To verify the above, we have conduced a number of experiments with a varying number of warps, instructions and congestions. As these variables are not independent, we have combined the averaged results so that a trend line could be obtained. To this end, the linear regression method has been used. The resulting best fit line is shown in Figure 4. The abscissa shows the averaged product of  $w \cdot l \cdot k$ , while the ordinate shows the number of clock cycles necessary to complete the execution. As can be observed in the figure, the best fit line for the estimated number of clock cycles can be expressed by  $E = w \cdot l \cdot k \cdot c_1 + c_2$ , where  $c_1$  and  $c_2$  are constants assuming values 1.047 and 337.7, respectively. For instance, the obtained experimental results for w = l = 32and k = 8 was 8524.46 clock cycles. Using the above estimate, the number of clock cycles is E = 8914.72, a difference of less than 5%. With twice as much bank conflicts, that is k = 16 with w = l = 32, the estimated the number of clock cycles raises to E = 17491.75. From the above results, we believe that the presented estimate can be used to obtain an approximation on the number of clock cycles necessary to execute load and store instructions.

#### References

- D. B. Kirk and W.-m. W. Hwu, Programming Massively Parallel Processors: A Hands-on Approach. San Francisco, CA, USA: Morgan Kaufmann Publishers Inc., 1st ed., 2010.
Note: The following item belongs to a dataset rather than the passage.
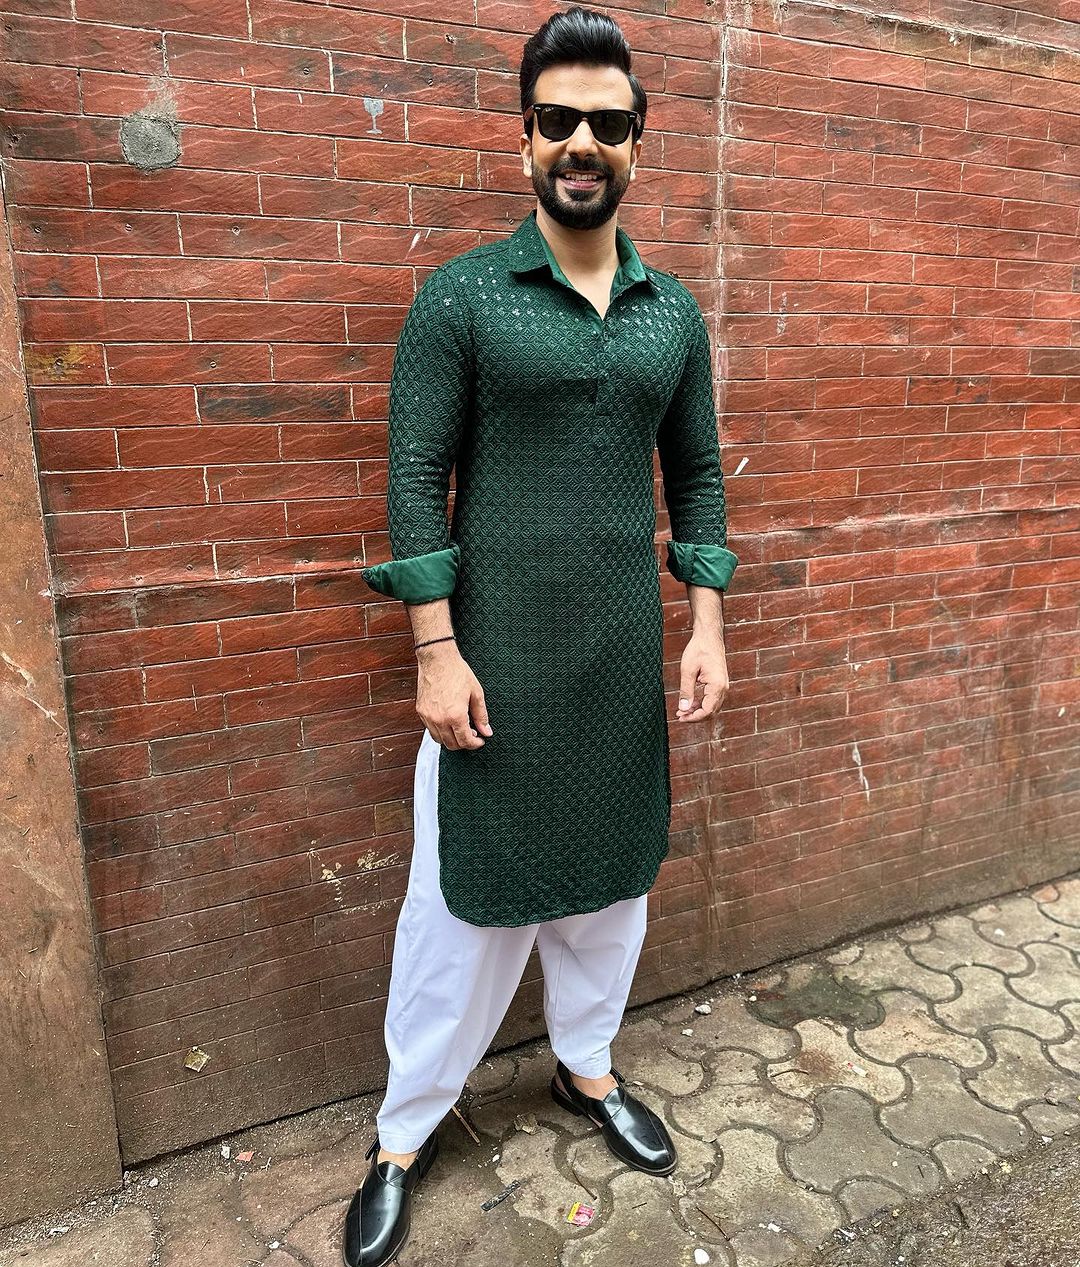 Super Exclusive Update! Versatile Actor Manit Joura Is All Set To Showcase His Talent In New Avatar. He Joins The Team Of Pyar Ka Pehla Naam: Radha Mohan. 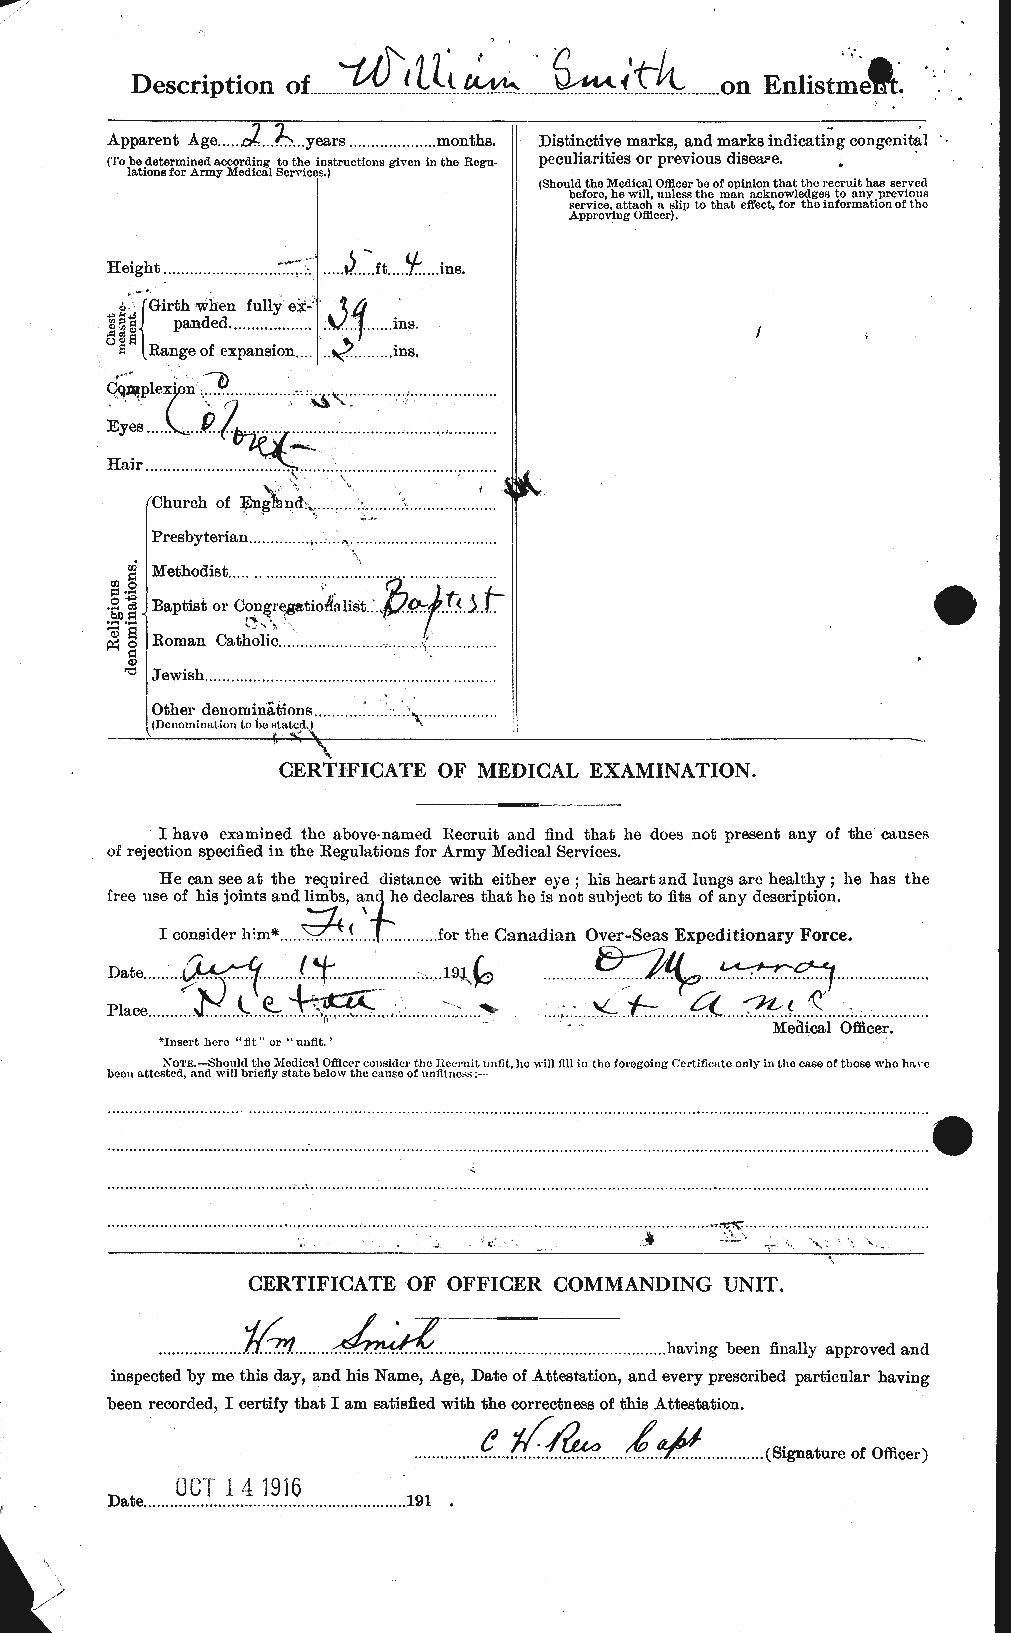 Personnel Records of the First World War - CEF 111332b

- [2] NVIDIA Corporation, CUDA C Programming Guide, 6.5 ed., August 2014.
- [3] K. Nakano, "Simple memory machine models for GPUs," International Journal of Parallel, Emergent and Distributed Systems, vol. 29, no. 1, pp. 17–37, 2014.
- [4] K. Nakano, S. Matsumae, and Y. Ito, "The random address shift to reduce the memory access congestion on the discrete memory machine," in *International Symposium on Computing* and Networking (CANDAR), pp. 95–103, Dec 2013.
- [5] NVIDIA Corporation, Inline PTX Assembly in CUDA, 6.5 ed., August 2014.